Packaged foods and meats remains the dominant segment nationally, making up approximately 61% of Australian transactions in the 18-month period studied, a 9% increase on the historical average.
Within the segment, seafood producers and processors were the main contributors in terms of deal value. The sales of Tassal Group and Huon Aquaculture were the largest transactions, followed by the sales of Western Australia-based fishing businesses MG Kailis Holdings ($70 million) and MaxFoods ($57 million).
The seafood and aquaculture industry accounted for three of the top ten Australian deals, “highlighting the pivotal role the segment is expected to play in worldwide food volumes and security in the years ahead,” said Cameron Bacon, a partner at Grant Thornton.
Despite facing several challenges, including the Chinese trade bans, the distiller and vintner segment has maintained its position in the agribusiness and food & beverage industry – representing around 20% of Australian transactions.
The brewery sector however faced headwinds. Only three deals closed during the 18-month period: the sale of Fermentum to beer giant Lion for more than $500 million in 2021, and the smaller sales of Mismarch Brewing to Mighty Craft in 2021, and Little Bang Brewing to Duxton Pubs Group in 2022.

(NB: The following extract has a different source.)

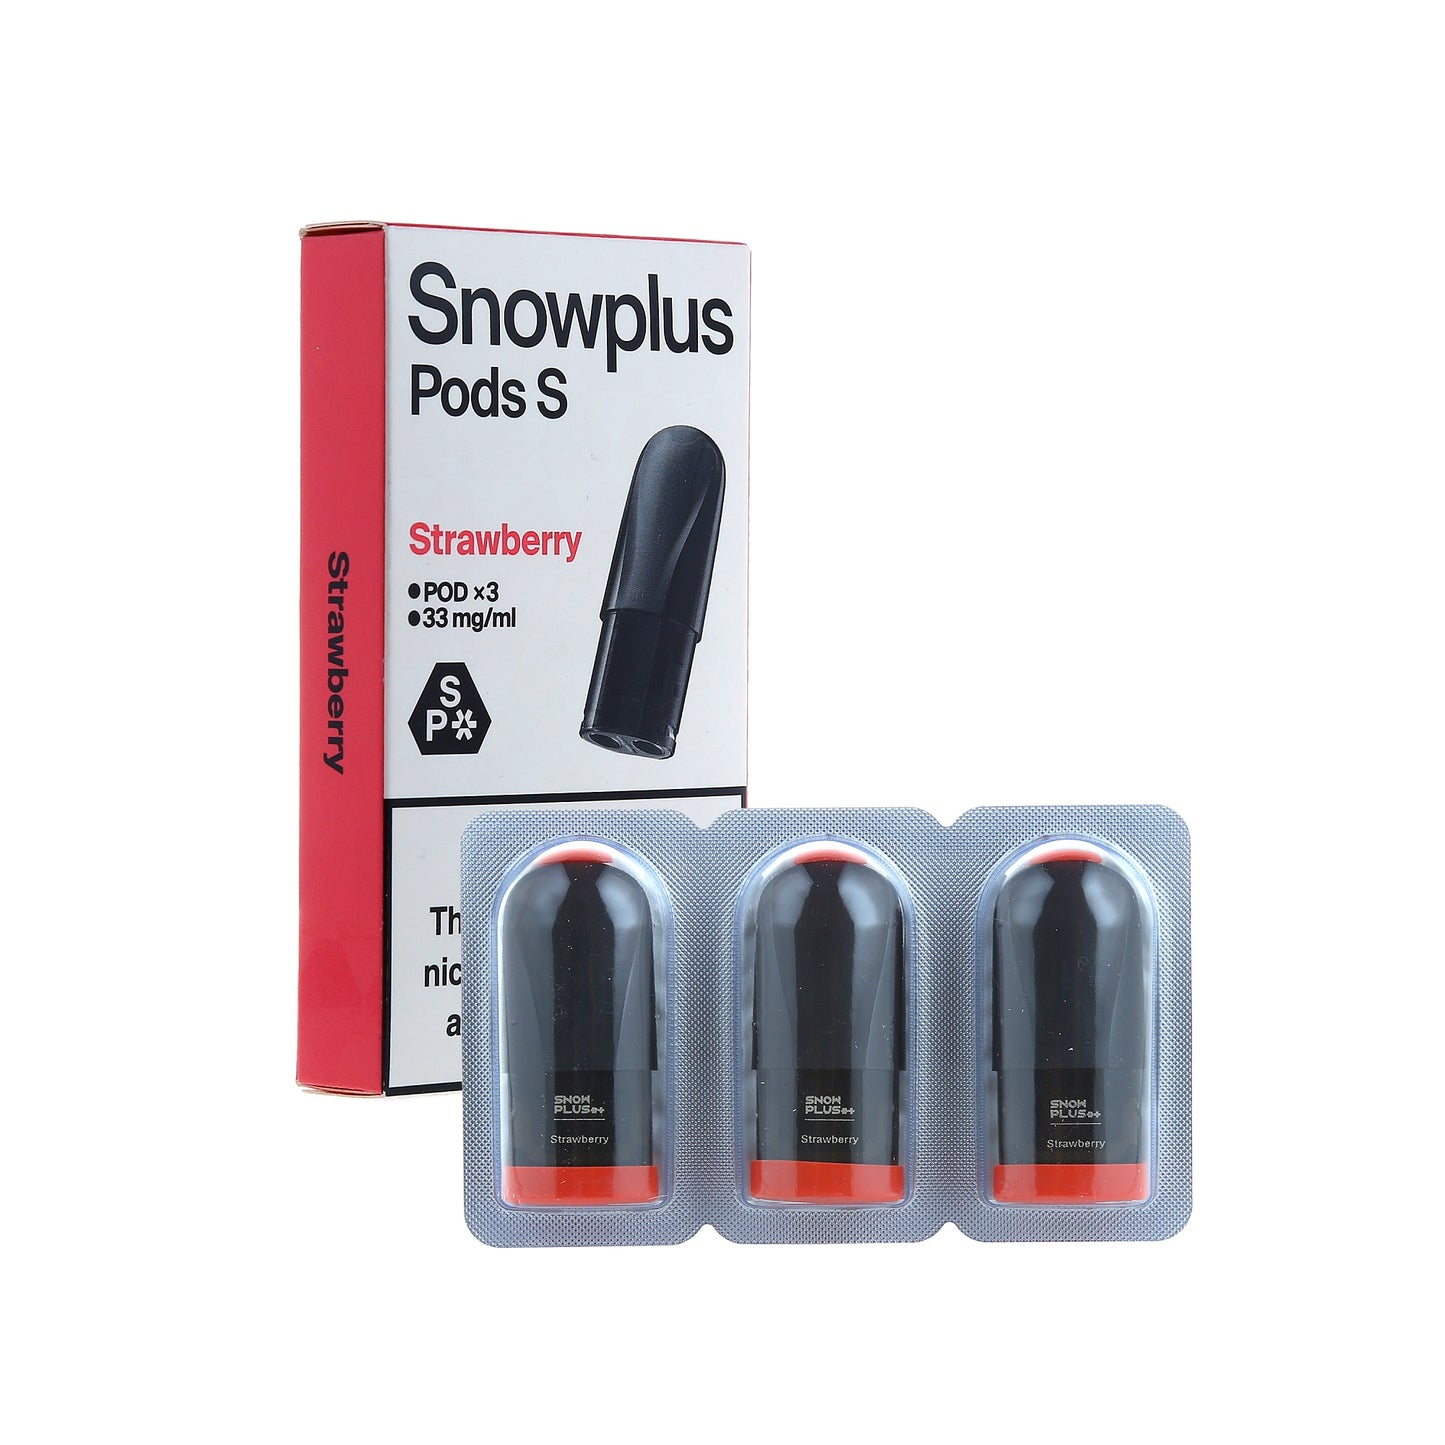 Snowplus Pods 3.0 S Pack of 3 - Multiple Flavors

Across the board, Bacon said that “Australian businesses in the agribusiness and food & beverage industry remain an attractive investment opportunity for domestic and foreign buyers,” said Bacon.
Globally, the $7.1 billion acquisition of BA Sports Nutrition by The Coca-Cola Company went down in the books as the largest deal during the 18-month study period, with the purchase of Dutch tea and herbal brand Ekaterra by an investor hot on its heels.